How Diff Algorithms Work: Myers, Patience & More

Understanding the algorithms behind text comparison tools like Git diff.

algorithmstechnicalgit

Diff Algorithms

Diff tools find the differences between two texts. Here's how they work.

The Problem

Given two sequences, find the minimum edit operations (insert, delete) to transform one into the other.

Longest Common Subsequence (LCS)

Most diff algorithms are based on finding the LCS.

A: "ABCDEF"
B: "ABXDEF"
LCS: "ABDEF" (length 5)

Difference = chars not in LCS
A has: C (deleted)
B has: X (inserted)

Myers' Algorithm

The standard algorithm (used by Git). Finds the shortest edit script.

Time: O((N+M)×D) where D = edit distance
Space: O((N+M)×D) or O(N+M) with optimization

For similar files (small D): Nearly linear
For very different files: Up to O(N×M)

Patience Diff

Alternative algorithm that produces more readable diffs.

1. Find unique lines that appear once in both files
  • Use these as "anchors"
  • Recursively diff between anchors

Better for:
  • Code refactoring
  • Moved blocks of code
  • Structural changes

Git Diff Options

# Default (Myers)
git diff
# Patience algorithm
git diff --patience
# Histogram (faster patience)
git diff --histogram

Frequently Asked Questions

Common questions about this topic

Git's default Myers algorithm optimizes for minimal edits, not human readability. When code is moved or refactored, it may match wrong lines. Try 'git diff --patience' or '--histogram' for clearer results on structural changes. Context matters for good diffs.
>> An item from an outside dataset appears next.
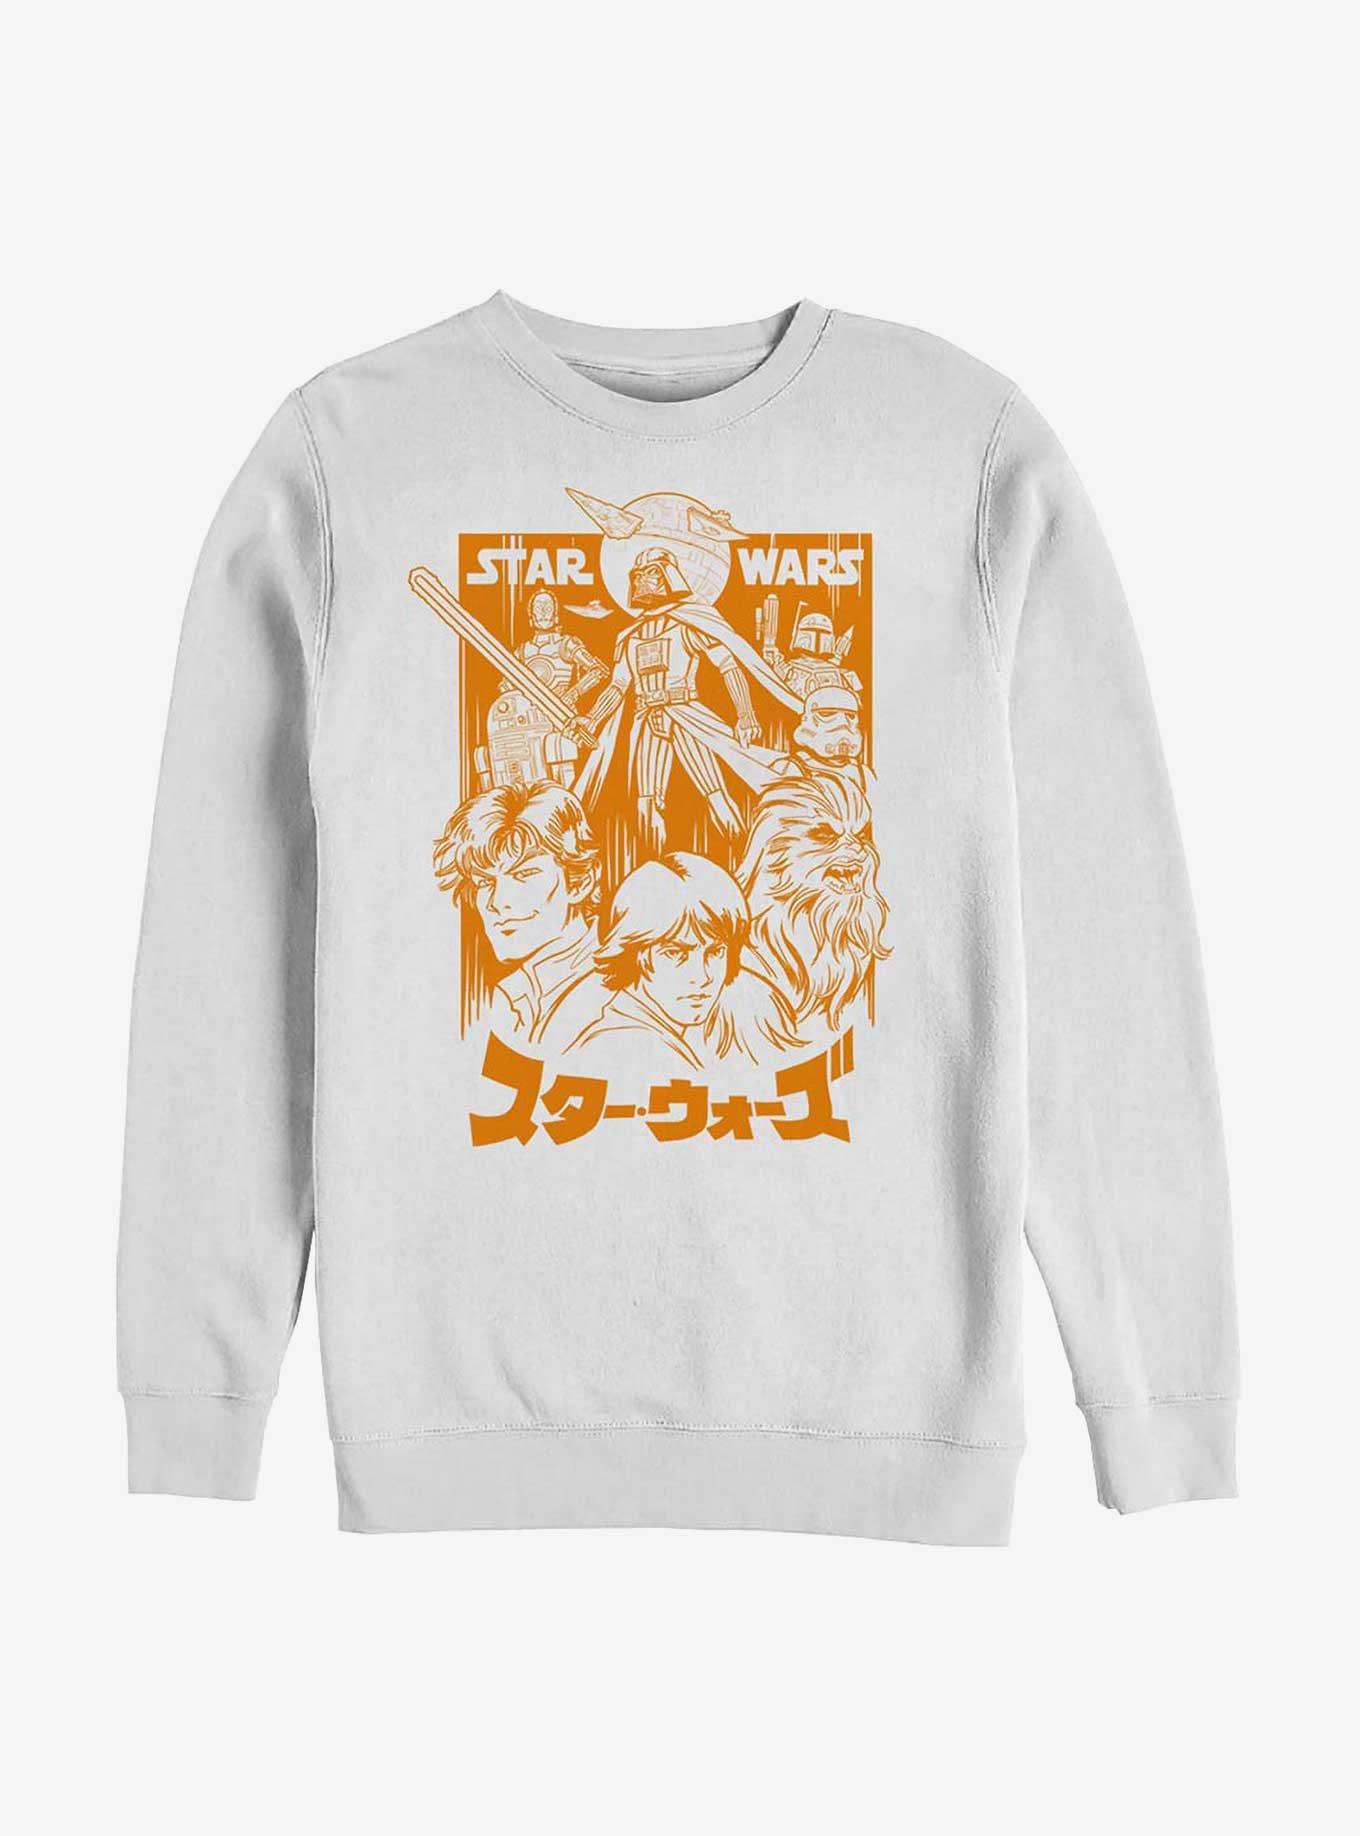 Star Wars Manga Star Wars Orange Sweatshirt, WHITE, hi-res

Myers algorithm: O((N+M)×D) where N,M are file lengths and D is edit distance. For similar files (small D), it's nearly linear. For completely different files, it approaches O(N×M). Patience diff has similar complexity but better average cases for code.

Text diff shows binary files as 'binary files differ'. For meaningful binary diffs: use specialized tools (image diff, hex diff), convert to text representation first, or use binary diff tools that output patches. Git can diff some binary formats with proper configuration.